Reproduce the data that follows precisely.

Listed records Start Marker

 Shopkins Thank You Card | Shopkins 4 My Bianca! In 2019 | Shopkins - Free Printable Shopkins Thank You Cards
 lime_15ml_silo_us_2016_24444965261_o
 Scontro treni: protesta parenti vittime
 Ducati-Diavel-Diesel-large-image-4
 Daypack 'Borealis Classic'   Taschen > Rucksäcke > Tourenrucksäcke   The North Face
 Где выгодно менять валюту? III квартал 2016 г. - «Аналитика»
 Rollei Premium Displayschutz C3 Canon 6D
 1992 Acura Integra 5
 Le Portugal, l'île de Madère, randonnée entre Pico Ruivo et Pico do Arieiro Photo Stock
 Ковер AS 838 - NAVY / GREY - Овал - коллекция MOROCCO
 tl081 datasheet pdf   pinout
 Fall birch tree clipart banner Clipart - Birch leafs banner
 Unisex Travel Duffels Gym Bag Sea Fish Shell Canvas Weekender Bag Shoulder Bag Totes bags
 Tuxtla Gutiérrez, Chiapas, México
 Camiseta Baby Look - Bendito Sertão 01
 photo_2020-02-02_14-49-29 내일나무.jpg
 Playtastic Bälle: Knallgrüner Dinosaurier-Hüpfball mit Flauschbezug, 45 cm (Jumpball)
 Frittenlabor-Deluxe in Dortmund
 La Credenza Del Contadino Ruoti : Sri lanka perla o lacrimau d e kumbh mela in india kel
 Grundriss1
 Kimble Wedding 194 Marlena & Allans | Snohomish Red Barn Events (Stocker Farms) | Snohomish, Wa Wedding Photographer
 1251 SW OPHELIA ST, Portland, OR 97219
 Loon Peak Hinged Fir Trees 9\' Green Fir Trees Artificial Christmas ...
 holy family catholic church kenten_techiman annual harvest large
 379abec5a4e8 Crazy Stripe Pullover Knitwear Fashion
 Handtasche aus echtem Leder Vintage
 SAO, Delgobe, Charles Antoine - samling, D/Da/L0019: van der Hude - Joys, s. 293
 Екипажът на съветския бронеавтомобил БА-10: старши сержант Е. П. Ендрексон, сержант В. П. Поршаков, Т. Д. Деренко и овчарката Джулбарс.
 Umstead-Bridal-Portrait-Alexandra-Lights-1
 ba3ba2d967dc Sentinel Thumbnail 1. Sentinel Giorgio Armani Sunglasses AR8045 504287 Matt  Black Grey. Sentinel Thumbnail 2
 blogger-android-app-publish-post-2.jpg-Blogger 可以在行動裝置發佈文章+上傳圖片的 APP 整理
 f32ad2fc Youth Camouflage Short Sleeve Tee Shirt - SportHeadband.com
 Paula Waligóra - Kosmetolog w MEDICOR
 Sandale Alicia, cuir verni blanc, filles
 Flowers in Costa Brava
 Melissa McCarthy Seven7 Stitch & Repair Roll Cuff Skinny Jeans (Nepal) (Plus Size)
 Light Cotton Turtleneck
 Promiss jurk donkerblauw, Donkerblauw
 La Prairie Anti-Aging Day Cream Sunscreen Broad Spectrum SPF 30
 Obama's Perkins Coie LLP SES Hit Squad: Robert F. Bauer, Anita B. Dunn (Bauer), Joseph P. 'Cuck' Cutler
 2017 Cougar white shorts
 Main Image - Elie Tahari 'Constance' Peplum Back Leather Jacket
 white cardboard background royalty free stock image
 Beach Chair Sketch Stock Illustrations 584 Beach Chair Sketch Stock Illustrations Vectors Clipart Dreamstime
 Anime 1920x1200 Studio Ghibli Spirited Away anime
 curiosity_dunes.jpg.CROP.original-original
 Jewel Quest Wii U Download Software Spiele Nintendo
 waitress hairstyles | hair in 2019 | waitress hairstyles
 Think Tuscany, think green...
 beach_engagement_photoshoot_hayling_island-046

Listed records End Marker

▸ Answer below:
 Shopkins Thank You Card | Shopkins 4 My Bianca! In 2019 | Shopkins - Free Printable Shopkins Thank You Cards
 lime_15ml_silo_us_2016_24444965261_o
 Scontro treni: protesta parenti vittime
 Ducati-Diavel-Diesel-large-image-4
 Daypack 'Borealis Classic'   Taschen > Rucksäcke > Tourenrucksäcke   The North Face
 Где выгодно менять валюту? III квартал 2016 г. - «Аналитика»
 Rollei Premium Displayschutz C3 Canon 6D
 1992 Acura Integra 5
 Le Portugal, l'île de Madère, randonnée entre Pico Ruivo et Pico do Arieiro Photo Stock
 Ковер AS 838 - NAVY / GREY - Овал - коллекция MOROCCO
 tl081 datasheet pdf   pinout
 Fall birch tree clipart banner Clipart - Birch leafs banner
 Unisex Travel Duffels Gym Bag Sea Fish Shell Canvas Weekender Bag Shoulder Bag Totes bags
 Tuxtla Gutiérrez, Chiapas, México
 Camiseta Baby Look - Bendito Sertão 01
 photo_2020-02-02_14-49-29 내일나무.jpg
 Playtastic Bälle: Knallgrüner Dinosaurier-Hüpfball mit Flauschbezug, 45 cm (Jumpball)
 Frittenlabor-Deluxe in Dortmund
 La Credenza Del Contadino Ruoti : Sri lanka perla o lacrimau d e kumbh mela in india kel
 Grundriss1
 Kimble Wedding 194 Marlena & Allans | Snohomish Red Barn Events (Stocker Farms) | Snohomish, Wa Wedding Photographer
 1251 SW OPHELIA ST, Portland, OR 97219
 Loon Peak Hinged Fir Trees 9\' Green Fir Trees Artificial Christmas ...
 holy family catholic church kenten_techiman annual harvest large
 379abec5a4e8 Crazy Stripe Pullover Knitwear Fashion
 Handtasche aus echtem Leder Vintage
 SAO, Delgobe, Charles Antoine - samling, D/Da/L0019: van der Hude - Joys, s. 293
 Екипажът на съветския бронеавтомобил БА-10: старши сержант Е. П. Ендрексон, сержант В. П. Поршаков, Т. Д. Деренко и овчарката Джулбарс.
 Umstead-Bridal-Portrait-Alexandra-Lights-1
 ba3ba2d967dc Sentinel Thumbnail 1. Sentinel Giorgio Armani Sunglasses AR8045 504287 Matt  Black Grey. Sentinel Thumbnail 2
 blogger-android-app-publish-post-2.jpg-Blogger 可以在行動裝置發佈文章+上傳圖片的 APP 整理
 f32ad2fc Youth Camouflage Short Sleeve Tee Shirt - SportHeadband.com
 Paula Waligóra - Kosmetolog w MEDICOR
 Sandale Alicia, cuir verni blanc, filles
 Flowers in Costa Brava
 Melissa McCarthy Seven7 Stitch & Repair Roll Cuff Skinny Jeans (Nepal) (Plus Size)
 Light Cotton Turtleneck
 Promiss jurk donkerblauw, Donkerblauw
 La Prairie Anti-Aging Day Cream Sunscreen Broad Spectrum SPF 30
 Obama's Perkins Coie LLP SES Hit Squad: Robert F. Bauer, Anita B. Dunn (Bauer), Joseph P. 'Cuck' Cutler
 2017 Cougar white shorts
 Main Image - Elie Tahari 'Constance' Peplum Back Leather Jacket
 white cardboard background royalty free stock image
 Beach Chair Sketch Stock Illustrations 584 Beach Chair Sketch Stock Illustrations Vectors Clipart Dreamstime
 Anime 1920x1200 Studio Ghibli Spirited Away anime
 curiosity_dunes.jpg.CROP.original-original
 Jewel Quest Wii U Download Software Spiele Nintendo
 waitress hairstyles | hair in 2019 | waitress hairstyles
 Think Tuscany, think green...
 beach_engagement_photoshoot_hayling_island-046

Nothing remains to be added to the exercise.